By Penny Nichols

I believe Matrix Revolutions surpassed the original Matrix trilogy, but only because the twins surpassed themselves. They have spent enough time among the levers of power in the Hollywood-capitalist complex to gain a better understanding of how society controls us. The first movie was rather vague, referring to a system of control and then showing a lot of violence, then came two more movies escalating the stakes and the violence, but not so much the theme. The majority of ways society controls people are non-violent, otherwise it would less of a society and more of a labor camp.

Matrix Revolutions talks about balancing hope and despair to keep us working for the “man,” keeping our dreams just out of reach but close enough we keep reaching and about how we care more about feelings than facts, both of which are pervasive elements of TV and movies. The media keeps defining heroes as people who never give up against the odds, incidentally encouraging so many people to become artists that mass media companies can treat us as disposable. The art world isn’t like school, where everyone who works hard gets a good grade, it’s like the Olympics, where working hard can make you good at what you do, but no matter how hard everyone works, there are only three spots on the podium (and only so much shelf space in bookstores).

The movie talks briefly about the downsides of narrative psychology; we maintain an image of our selves by writing our own internal biographies, sometimes disregarding our own actions that contradict our self-image, which the villain of the movie calls “fiction,” and sometimes it is. I like to think of myself as an intellectual person, but I feel the lure of exciting movies; I like to think of myself as a mature person, but feel hormonal temptations like anyone else.

Through the meta-discussion of making another Matrix video game, it mocks the very reasons for making a new Matrix movie. It is all too easy to read the discussion about how to make another Matrix game as the brainstorming sessions about making another Matrix movie. As predicted by the Matrix game discussion, I think the main flaw of this Matrix movie was the excessive violence at the end; at least ten minutes could have easily been cut.

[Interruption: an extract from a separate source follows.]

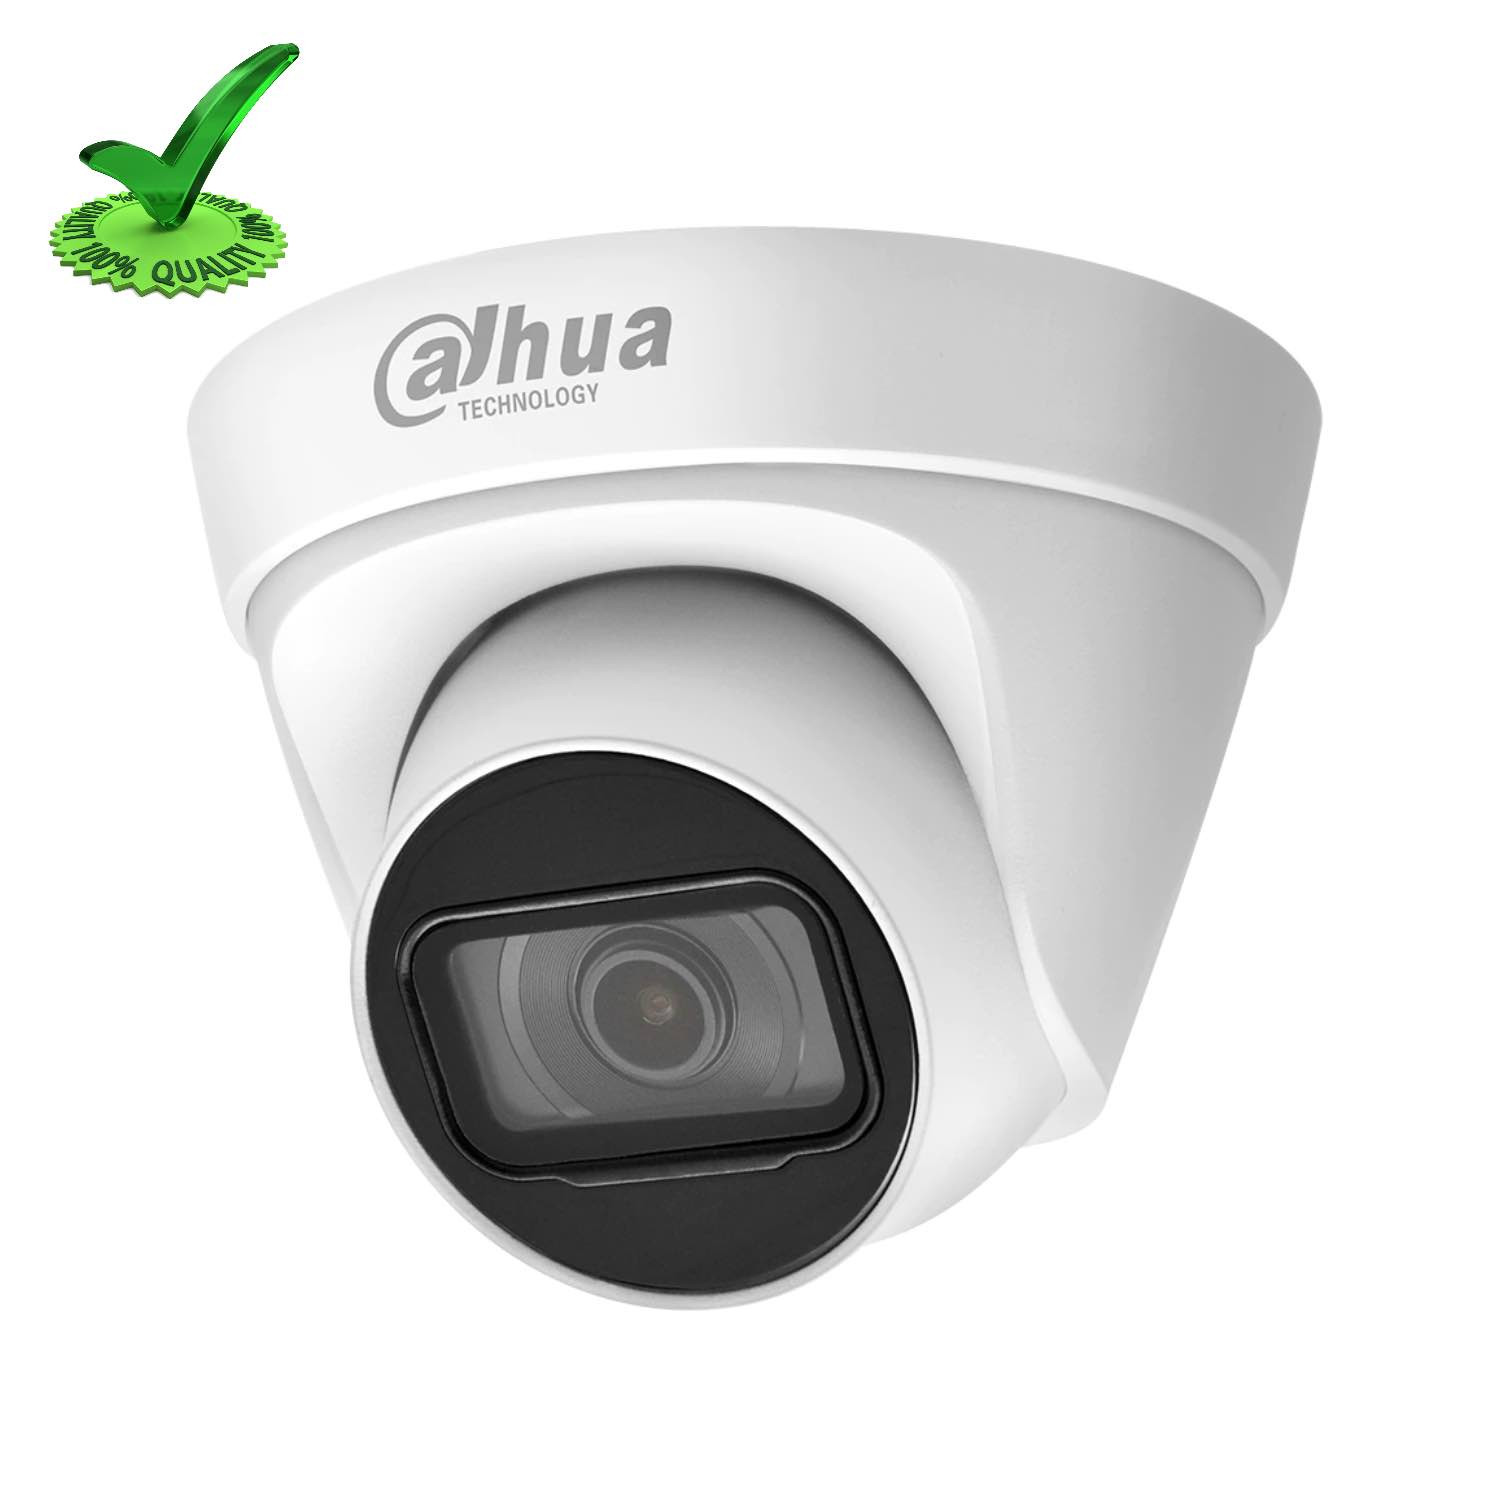 Dahua DH-IPC-HDW1431T1P-S4 4MP IP Dome Camera

Our hero Neo experiences a great many forms of social control: peer pressure, contractual obligations, market surveys, bratty children, the hamster wheel of our work ethic, therapists telling us to accept socially constructed reality (my therapist and I are both liberals living in a “red state,” so when we talk politics we share bitter laughs), and the brute force violence movies prefer to use as metaphors for resistance because it is easier to win a fistfight than it is to swim upstream every day against sexism, racism, and economic elitism. He also wallows in the swamp of artistic despair as the priorities of capitalism turn his feelings, philosophy, and artistic triumph (yes, I will apply that label to a video game) into grist for the mill.  Capitalism turns all qualities into quantities, which is why it is such an uncomfortable fit with artists. A book filled with lies and a book filled with truth cost the same to manufacture, market, and distribute, so the only reason for publisher to produce books of truth is to remember their human integrity, which should worry more of you than it will comfort in a system that legally requires corporations to maximize their profits. At least when the Church was the main artistic patron, both sides cared about the qualities.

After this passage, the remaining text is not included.